The business advocacy group unveiled the Florida Trade & Logistics 2030 Study during Thursday’s Florida Transportation, Growth and Infrastructure Solution Summit in Jacksonville. In the report, the Florida Chamber noted that the Sunshine State continues to move the needle in terms of economic growth, adding that the state has the available capacity to move and make more goods throughout the economy. The Florida Chamber highlighted that globally competitive trade, logistics, and manufacturing sectors will diversify Florida’s economy and bring new jobs, income and investment to the state to help meet the nearly four million new residents expected to call Florida home in 2030.

The study also forecasted that the state can propel its economy — which is equivalent to Mexico as the 15h largest economy in the world — to one of the top 10 worldwide by the year 2030.

“Purposely expanding manufacturing, logistics, trade, and rural economic growth aligns with Governor DeSantis’ continued leadership in this space and will help grow Florida to the 10th largest global economy by 2030,” said Florida Chamber of Commerce President & CEO Mark Wilson. “We have a generational opportunity to get this right.”

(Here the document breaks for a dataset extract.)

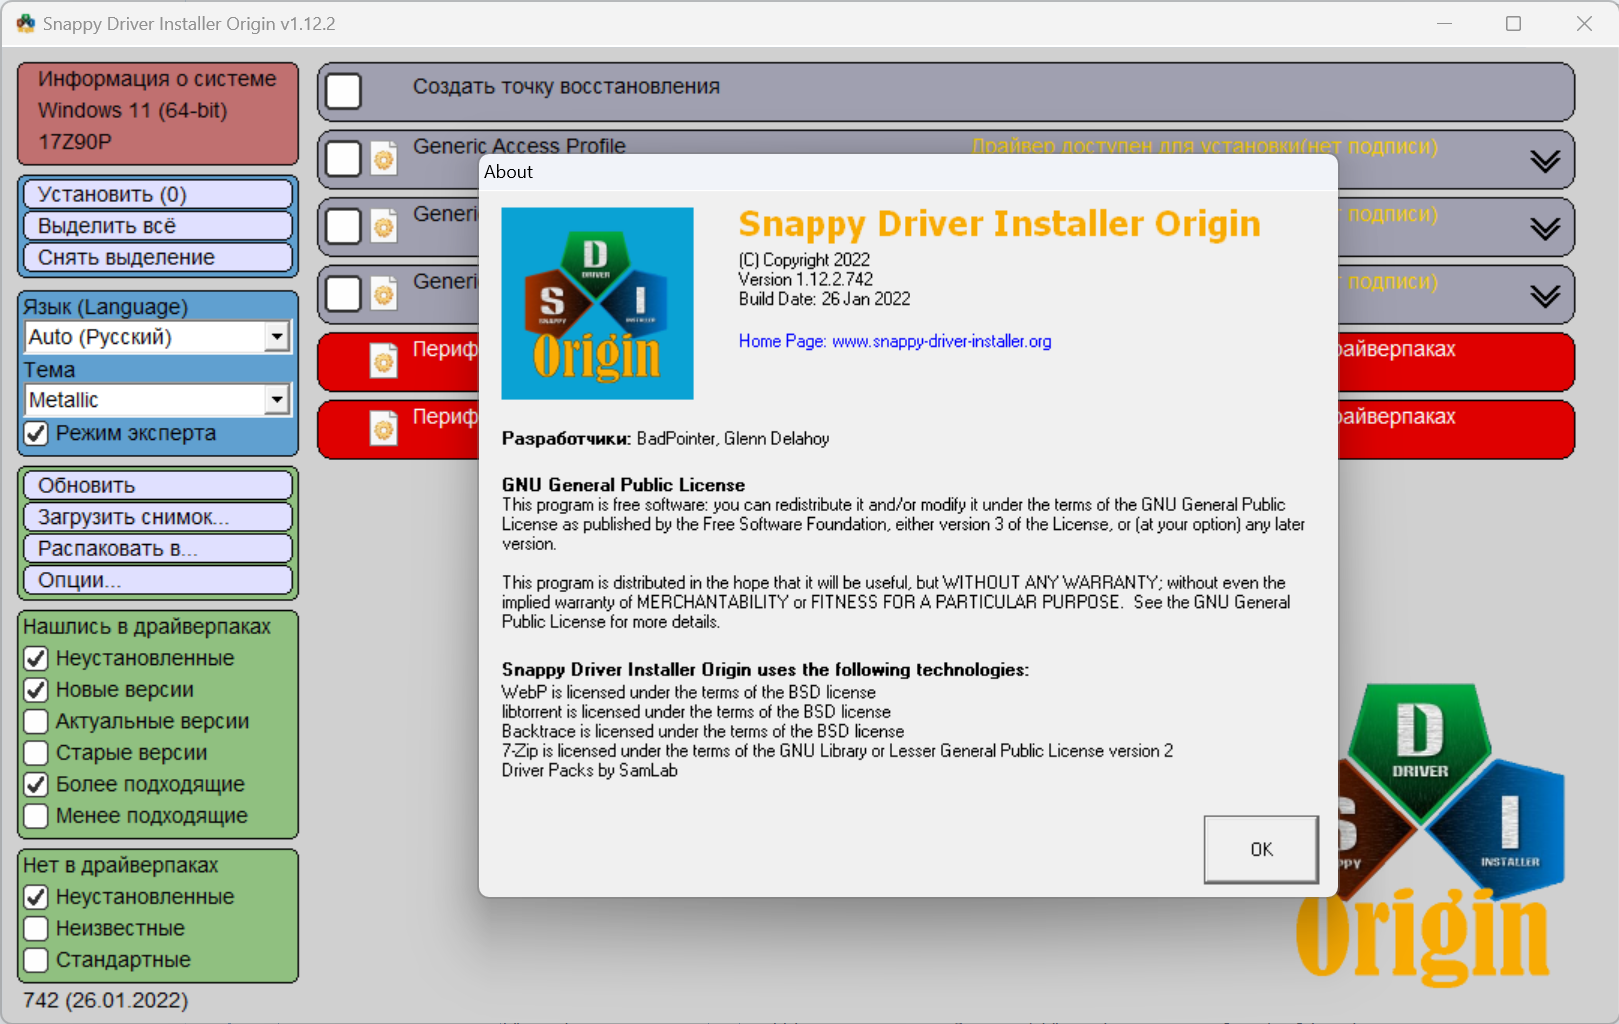 Snappy Driver Installer Origin R742 / Драйверпаки 22.03.1 [Multi/Ru]

A deeper dive into the report shows that more than 1 million people were employed in trade, logistics and manufacturing jobs statewide in 2020 — the fourth-highest total in the country. The sector, which boasts over 52,000 businesses in Florida, produces more than $57 billion in GDP. Manufacturing jobs also pay 19 percent more than the state’s average annual wage.

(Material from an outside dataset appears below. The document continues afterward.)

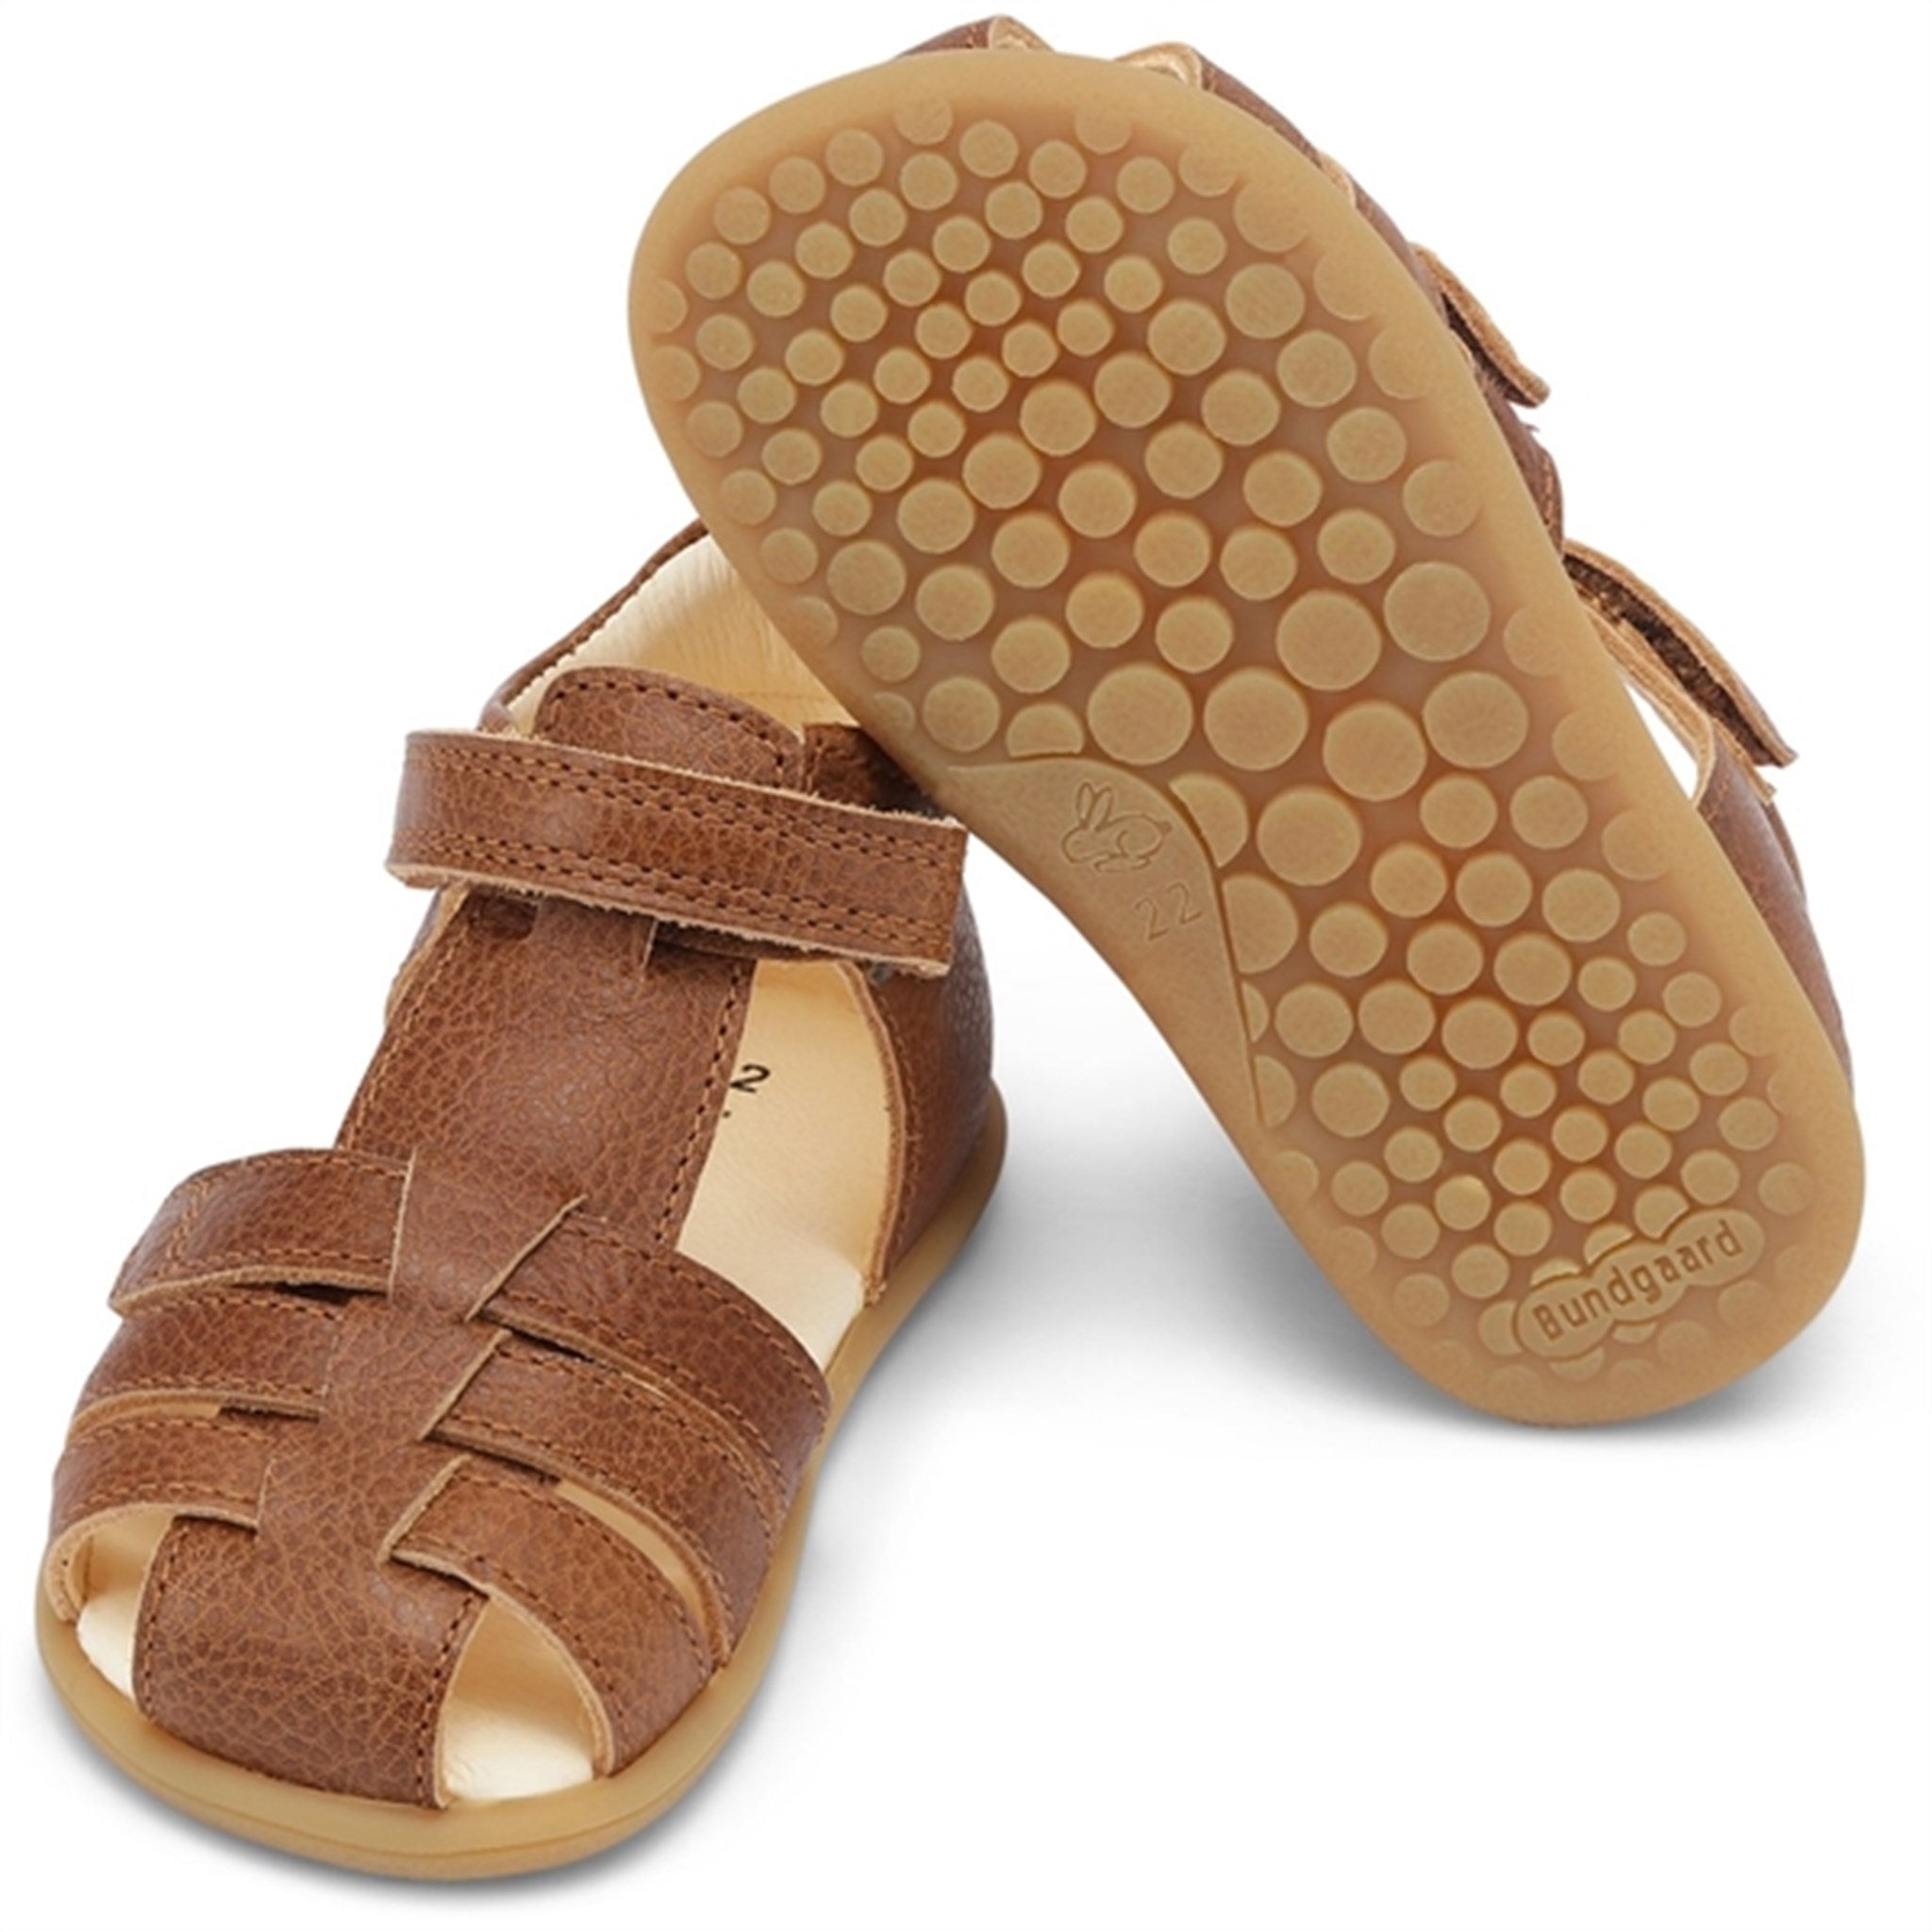 Bundgaard Rox III Sandal Tan G 3

“The trade and logistics industry is quickly evolving, and the strength and well-being of Florida’s manufacturing economy is inextricably connected to its success,” said FloridaMakes CEO Kevin Carr.

The study also included a series of strategies and recommendations to keep Florida’s GDP on track to meet its 2030 blueprint. Some of the key goals outlined in the report include creating 300,000 new jobs in the sector, closing essential workforce gaps, strengthening the talent pipeline, and creating a chief manufacturing officer within the state government to advocate for manufacturing opportunities and policies.

“Trade, logistics, and manufacturing are critically important targeted industry sectors for us in Florida. Investing in these sectors sends a beacon to the world that Florida is open and ready and able to accept your business,” said TJ Villamil, Senior Vice President of International Trade & Development for Enterprise Florida.